The Future of Writing
David Artsmith - Social networks are in essence a place to tell a story. Its your tale, the story of your life shared with friends and family. Twitter is a way of giving status updates about your daily life, and facebook is a more complex way of doing the same thing.
The next step in using these social networks is to tell not a real story, but to document the life of a fictional character. Through the use of status updates, pictures, videos, and blog posts, you can actually record the day to day life activities of someone that you made up.
You can also take this a step further, such as the community RolePages has done.com, or on some of the groups found on Bebo or Facebook, where everyone involved is a fictional character. This gives you a new opportunity as a creator of fiction, endowing you with the ability to add a multimedia masterpiece to the story of your character, making them more real and dimensional than they could be on flat 2d paper.

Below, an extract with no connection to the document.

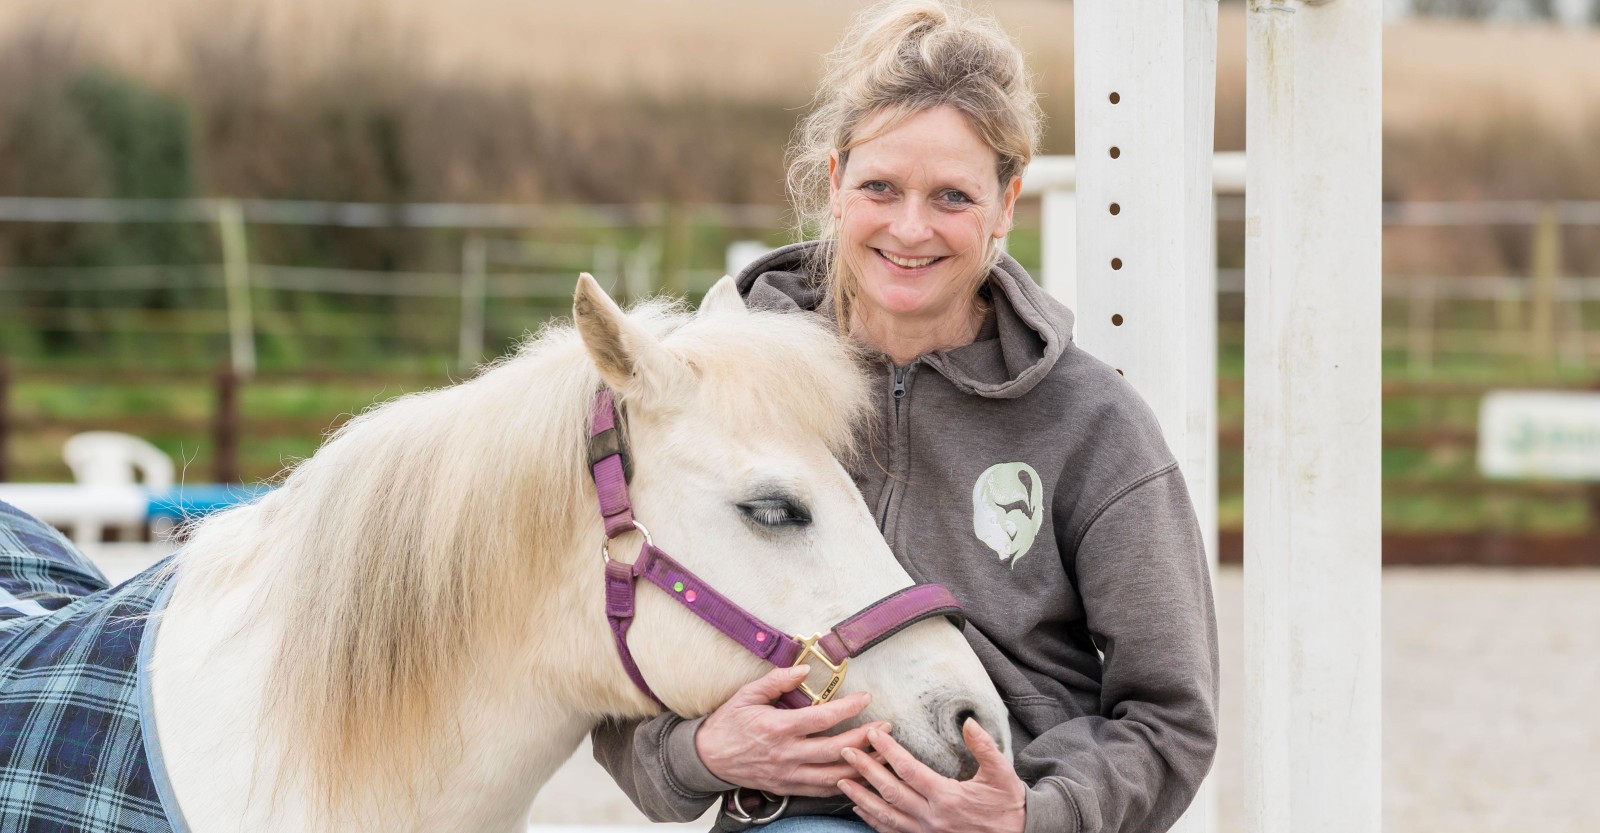 Lisa Deacon with horse -  business had support of a Start Up Loan from British Business Bank
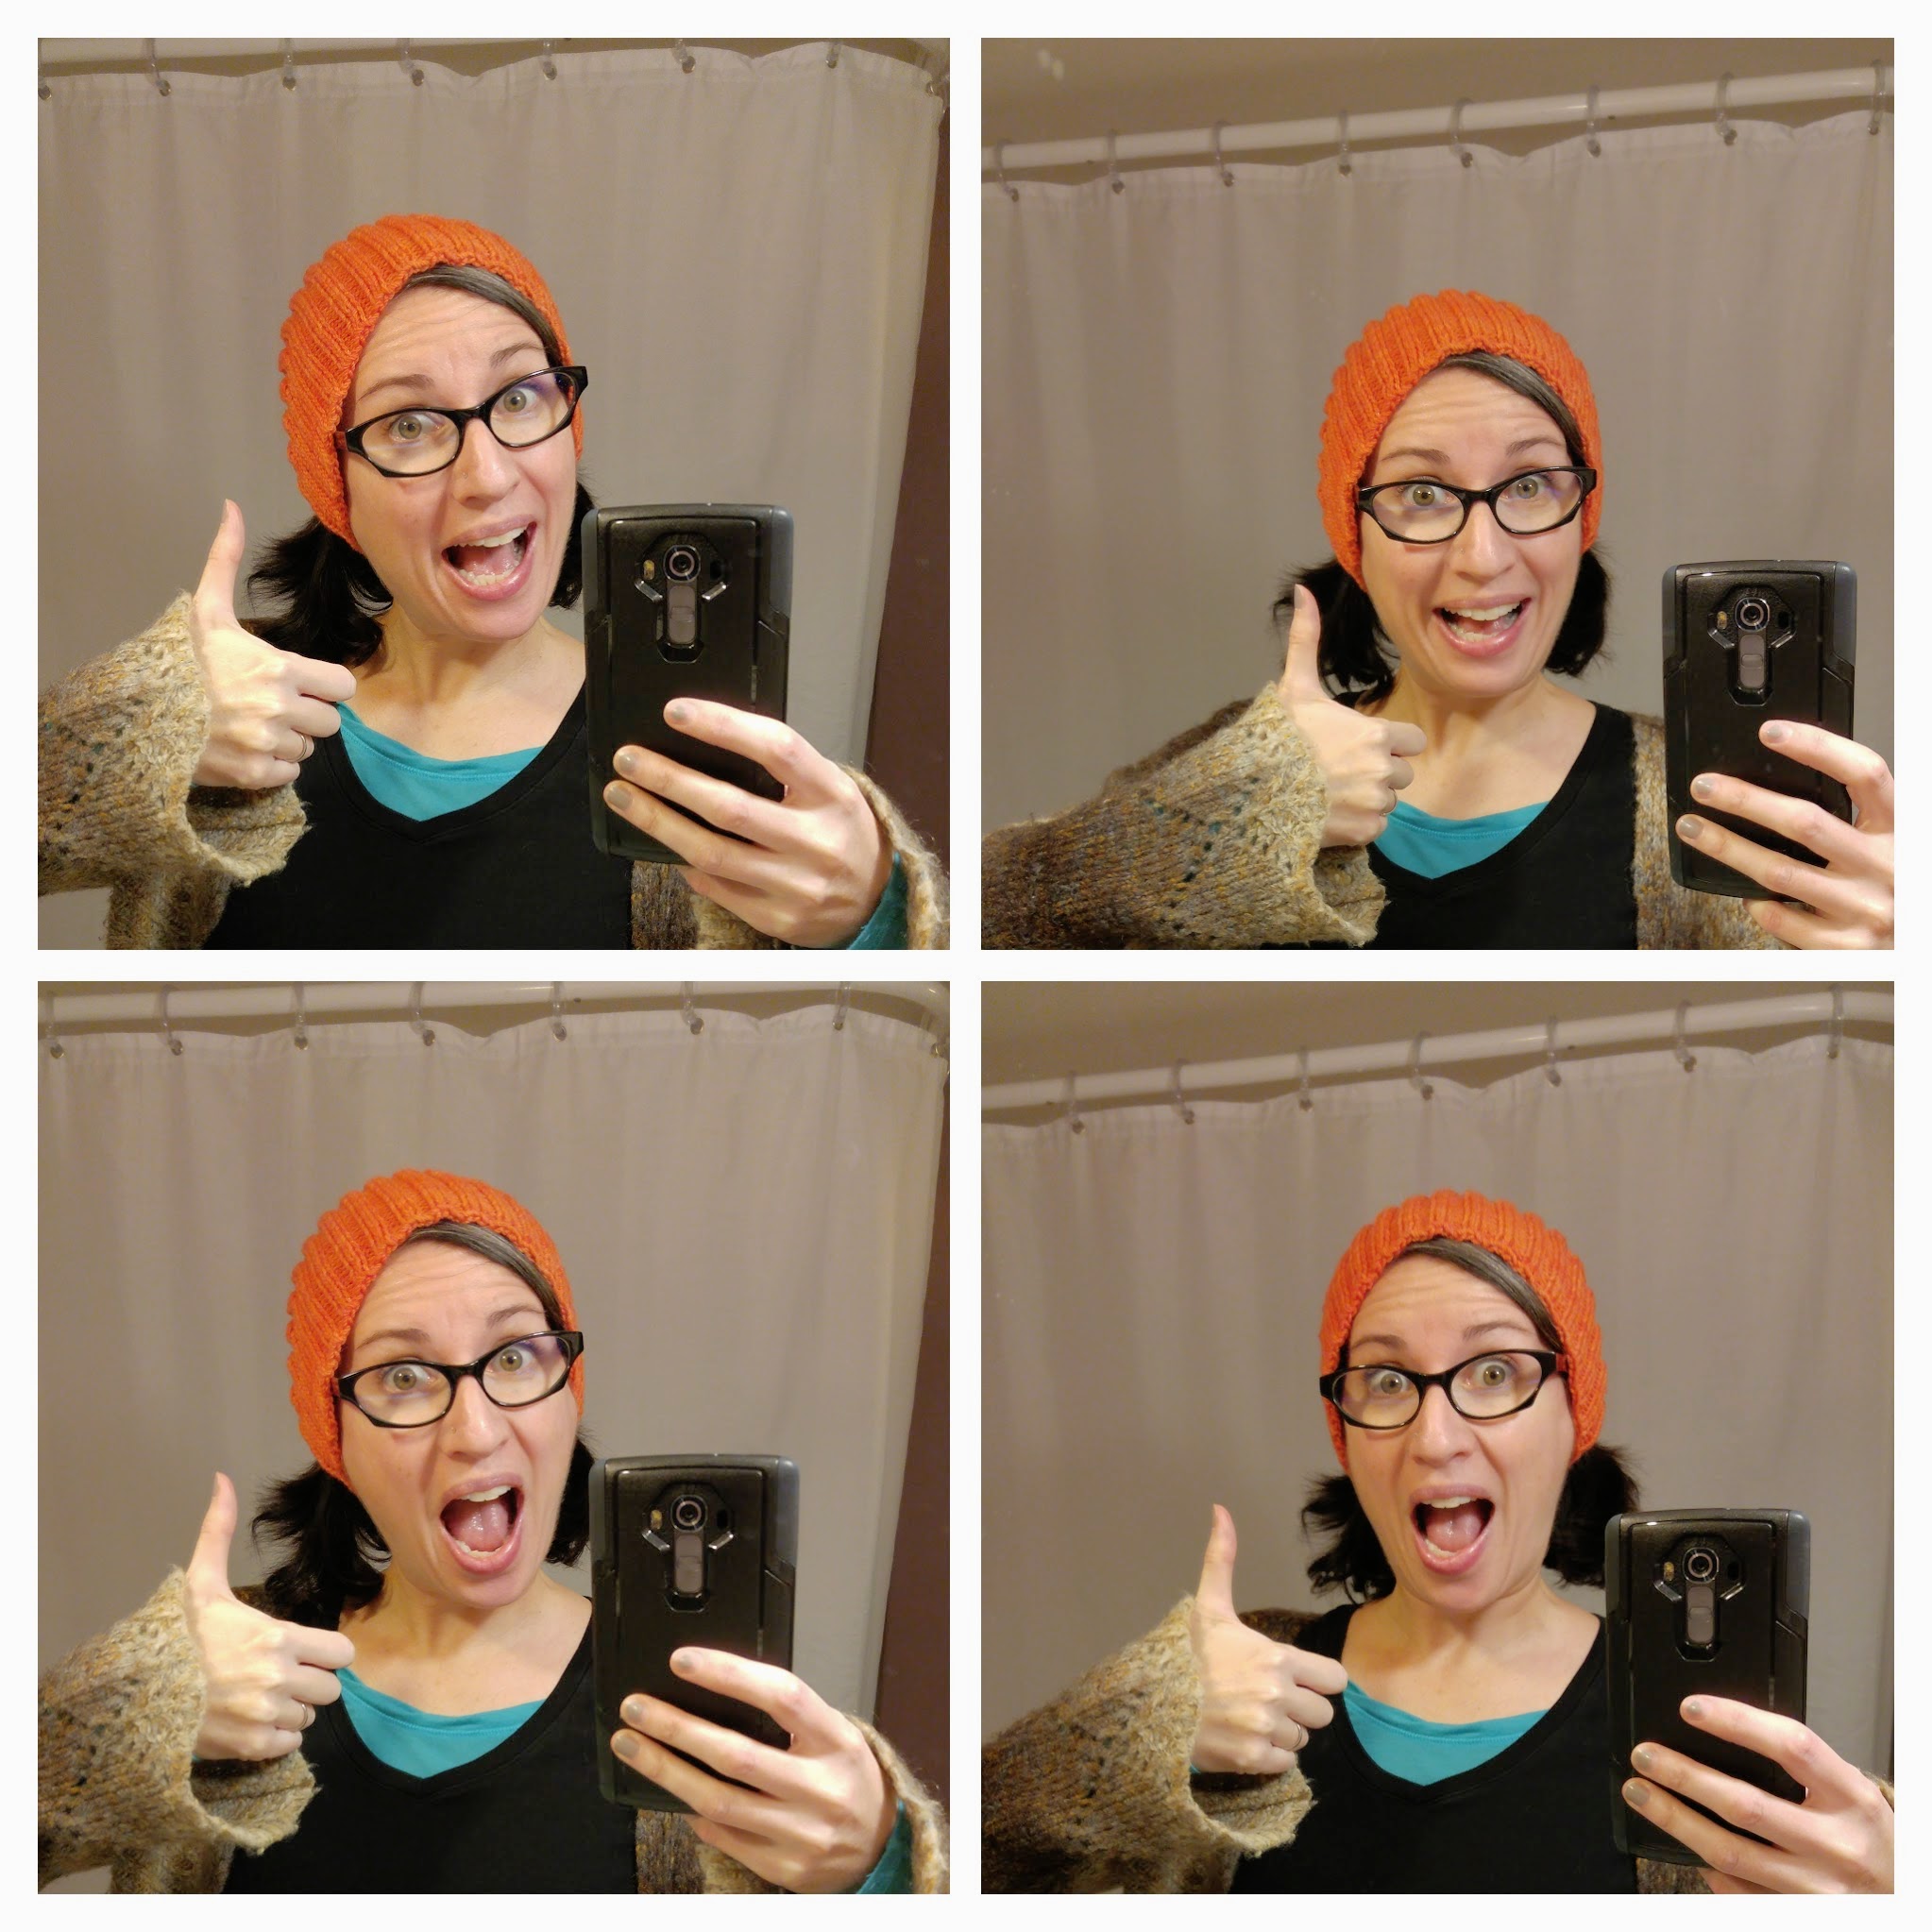 Finished Calorimetry, pattern from Knitty.com. (Selfies are hard, you guys!)

The potential here is that your story doesn’t have to be static, living only on the page and in your head. Instead you can breathe life into it, allowing it to grow naturally, nurtured by a whole group of people rather than just the efforts of a single author.
The problem of course is that you don’t own this story anymore. It becomes a community project, equally owned by everyone who participates. The result of this is that you don’t have complete control over the outcome. You have some influence, depending on your contributions, but the final story is a chaotic mishmash of random input from every person that participates.
Social networking represents the cutting edge in fictional storytelling. It's a community event, a combination of talents in a living moment working together to tell a story. Its still young, but its on its way to making a real mark in the world of fiction.